Толстяк машинально наполнил стаканы, бросив на Малко недобрый взгляд. За его спиной висели пожелтевшие фотографии солдат в шлемах на фоне американской саванны.
— Я же вам сказал, ноги его здесь больше не будет. Никчемный он парень, недотепа. Пытался завербоваться в Комору, да кому он там нужен! Хотя стреляет неплохо...
— Где-то же он обретается, — настаивал Малко, похрустывая тысячефранковой банкнотой.
Хозяин даже не взглянул на деньги.
— Да шляется где-то, — буркнул он. — Может быть, бывает у своей матери. Рано или поздно я с ним увижусь, если хотите, оставьте ему записку.
Это было слишком ненадежно. Малко пригубил пиво, чтобы подумать. Вдруг какой-то худощавый усач со свирепым взглядом, слышавший их разговор, шепнул ему на ухо:
— Я знаю, где он частенько бывает, ваш ван де Путте.
Несмотря на отталкивающую внешность мужчины, Малко готов был его расцеловать.
— Где?
Усач протянул руку к тысячефранковой банкноте.
— С памятью у меня плохо стало...
Едва деньги исчезли в его кармане, как память вернулась к нему.
— Только вам придется встать пораньше, — сказал он. — Обычно он с семи утра торчит на Блошином рынке в квартале Мароль. Продает военные сувениры, всякие такие штуки. Только не говорите ему, что это я вас туда послал.
Малко хотелось бы разузнать побольше о своем осведомителе, но в «Казан» царила атмосфера тайны — видимо, напоминание о былых заговорах. Хозяин вдруг наклонился к ним и подозрительно спросил, понизив голос:
— Вы хоть не шпики?
Эрик Бонтан заверил его в обратном, и толстяк снова заулыбался.

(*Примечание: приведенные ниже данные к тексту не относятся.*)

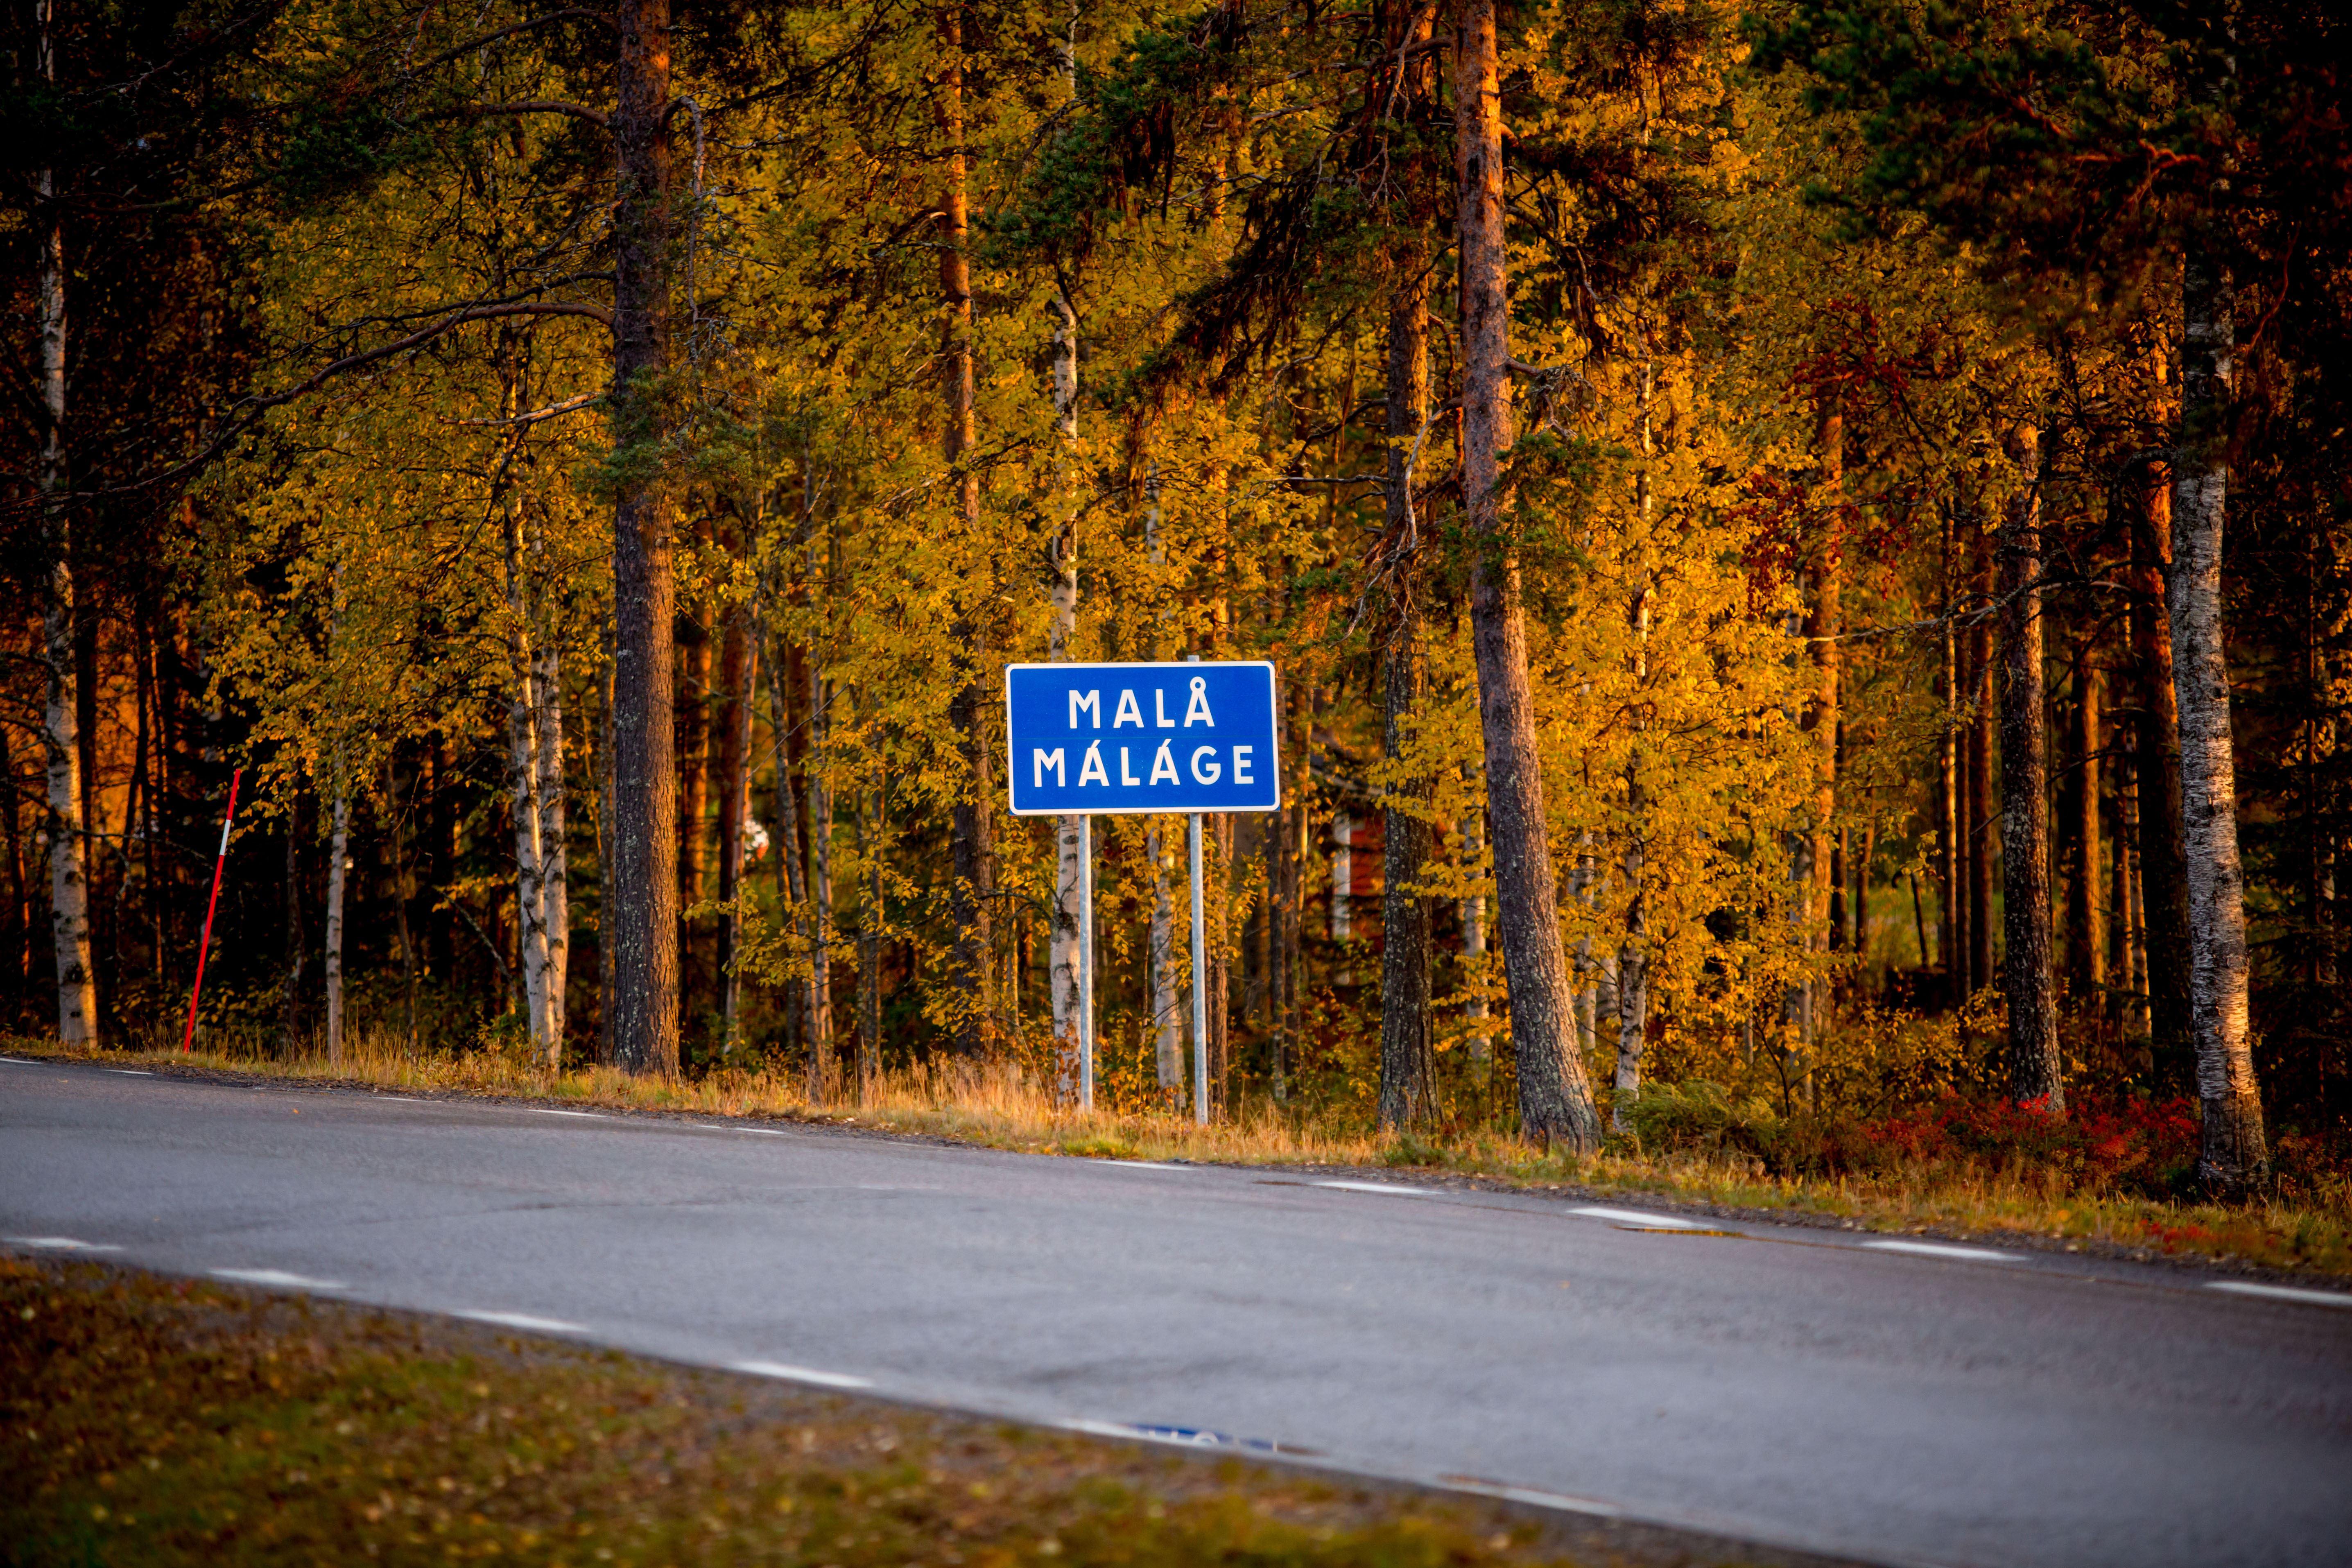 www.ricke.se,  © Malå kommun, Genomgång ortsnamn - Olavi Korhonen

Теперь оставалось только дождаться завтрашнего дня. Приведут ли к чему-нибудь все эти усилия, спрашивал себя Малко. Надежда найти проклятого Фокса была весьма хрупкой.
Блошиный рынок на площади между пожарной частью и собором Непорочной Богородицы нельзя было назвать веселым местом. Малко оставил машину на улице Блаэс рядом с площадью. У Эрика Бонтана была небритая физиономия и помятый вид.
— Надеюсь, что я узнаю его, — вздохнул журналист. — Не так уж часто я его видел...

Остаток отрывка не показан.